Я прервал мистера Ф. Тем самым я хотел, чтобы у него сложилось впечатление, что я не оспариваю его точку зрения. "Это очень важно по отношению к таким больным людям", - подумал я.
- А тсантса? Что вы с ней сделали?
- По прибытии в Марсель я подарил ее антропологическому музею города. Хранитель выразил мне глубокую признательность за такой подарок. Вы можете ее там увидеть, если захотите. Что касается меня, я уже никогда ее не увижу, даже если бы мне разрешили выйти отсюда, я бы ни за что не пошел туда.

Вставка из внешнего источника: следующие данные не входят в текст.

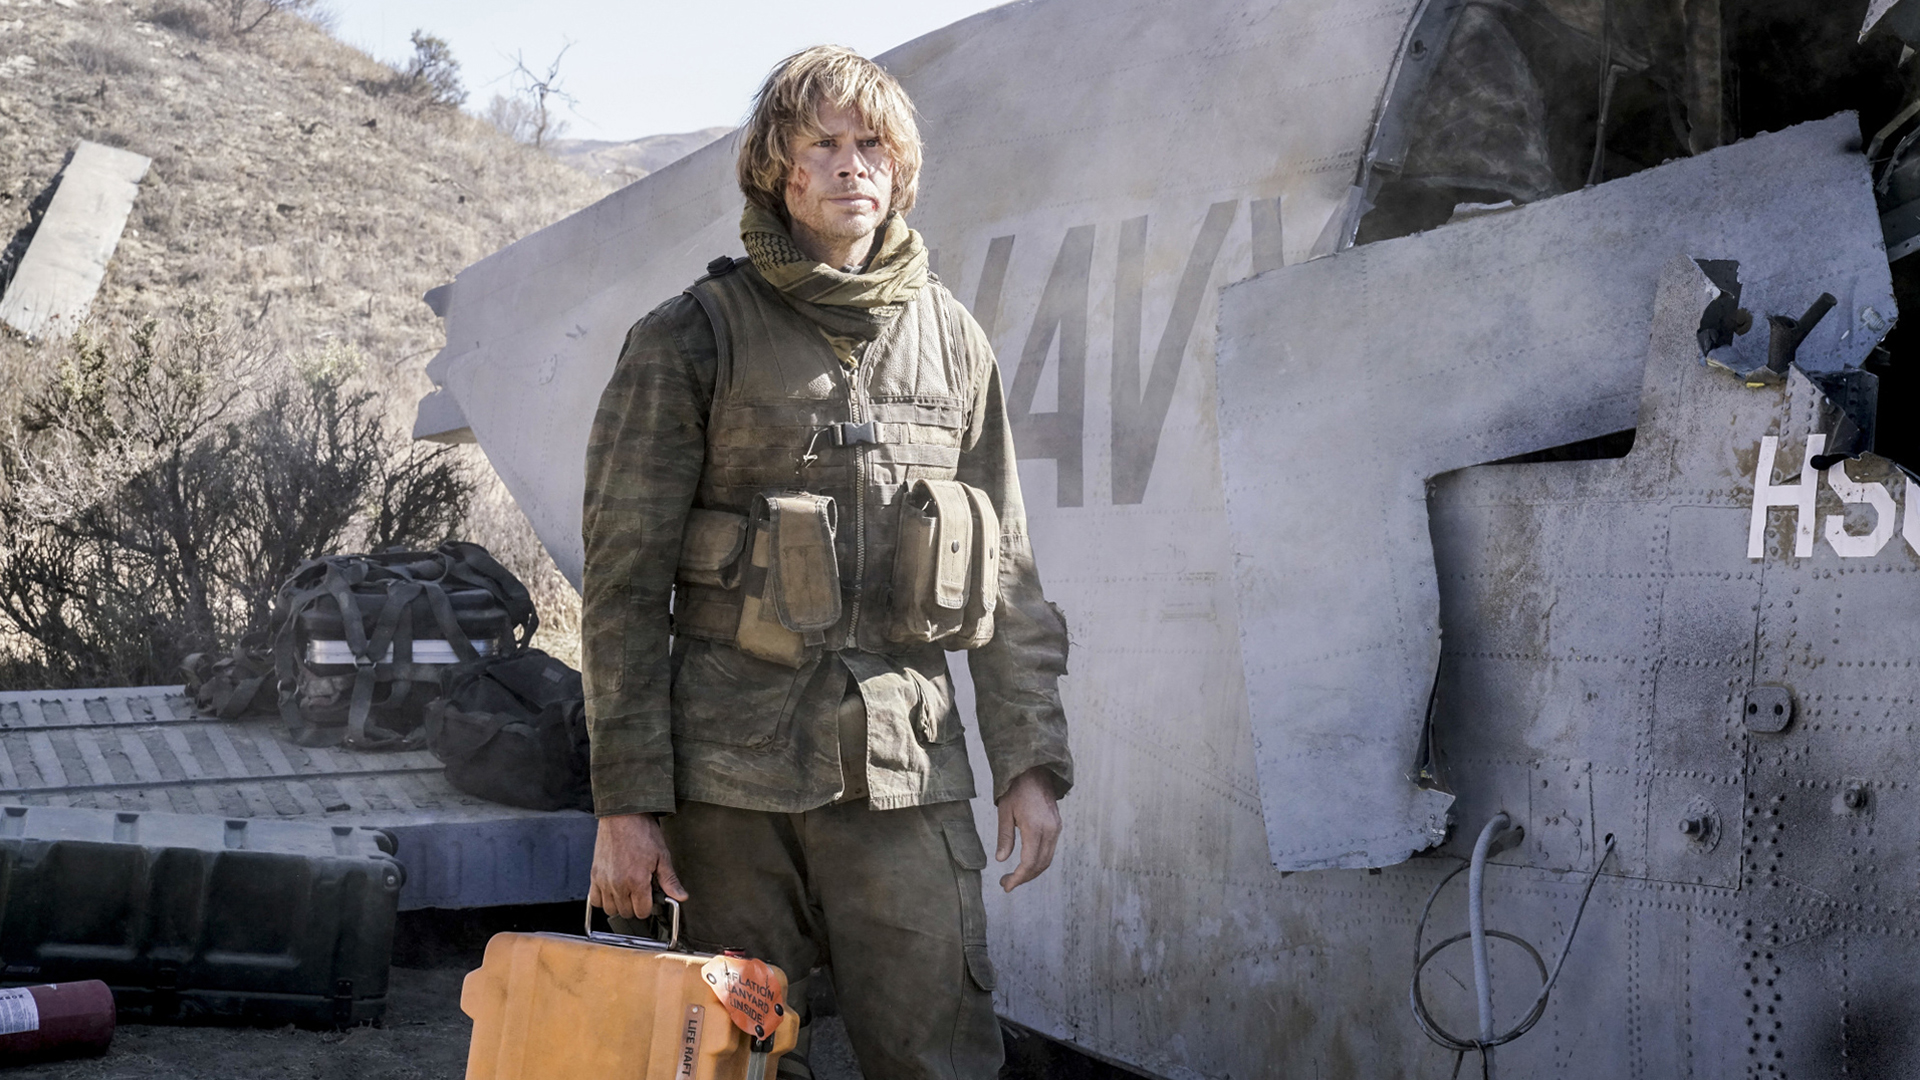 Deeks grabs some gear to get out of danger.
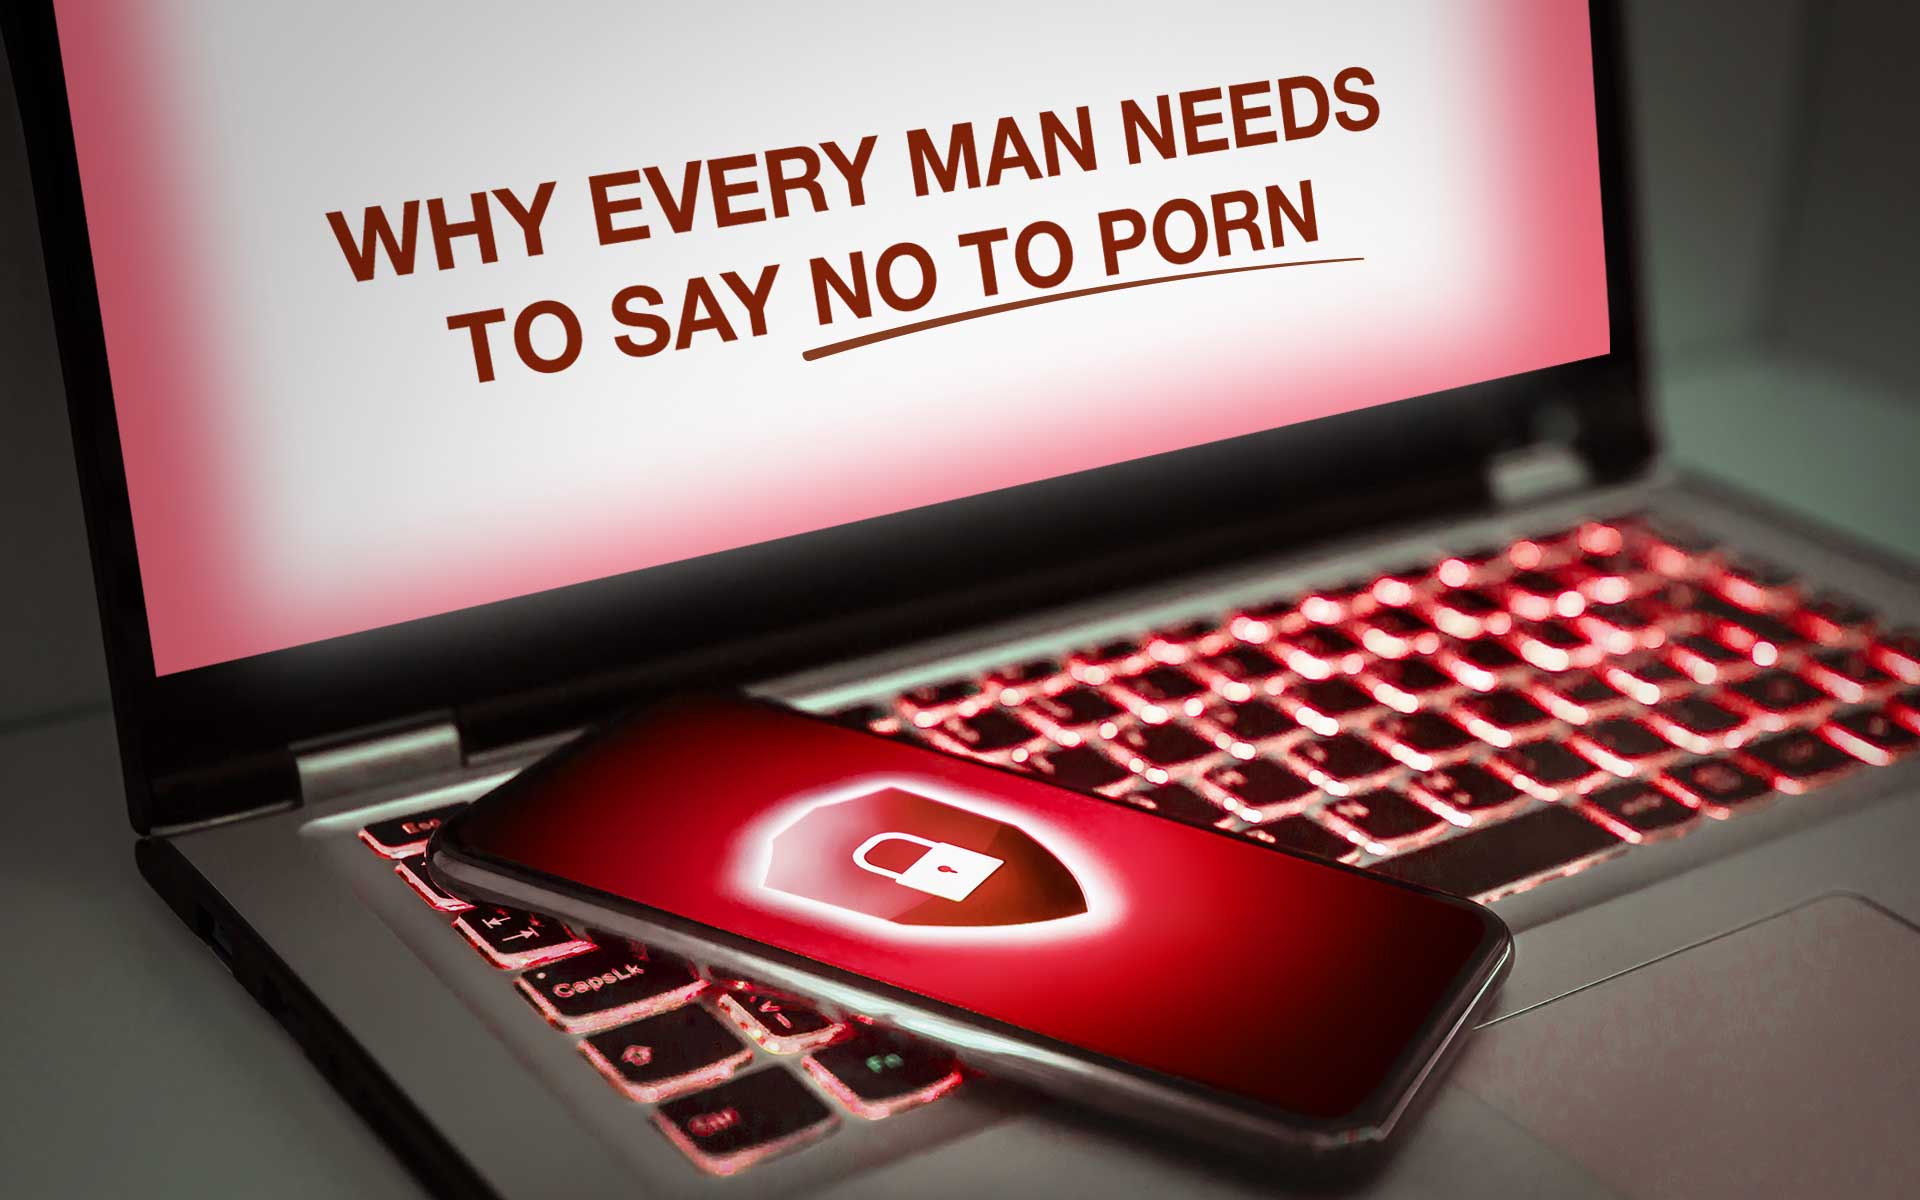 Porn 1920x1200 - Why Every Man Needs to Say No to Porn

Я полагаю, нет необходимости говорить вам, - продолжал он с благодарностью в голосе, благодарностью за то, что я его внимательно слушал, - как я ходил от доктора к доктору, рассказывая об этом случае. История моя, без сомнения, поражает их. Они считают ее фантастической. Один из докторов, друг моего брата, телеграфировал ему как главе нашей семьи, чтобы сообщить о своих беспокойствах, бесстыдно нарушив кодекс врачебной этики. Состоялся семейный совет. Вы знаете пословицу о том, что отсутствующий всегда неправ. Я был изолирован и помещен здесь как душевнобольной.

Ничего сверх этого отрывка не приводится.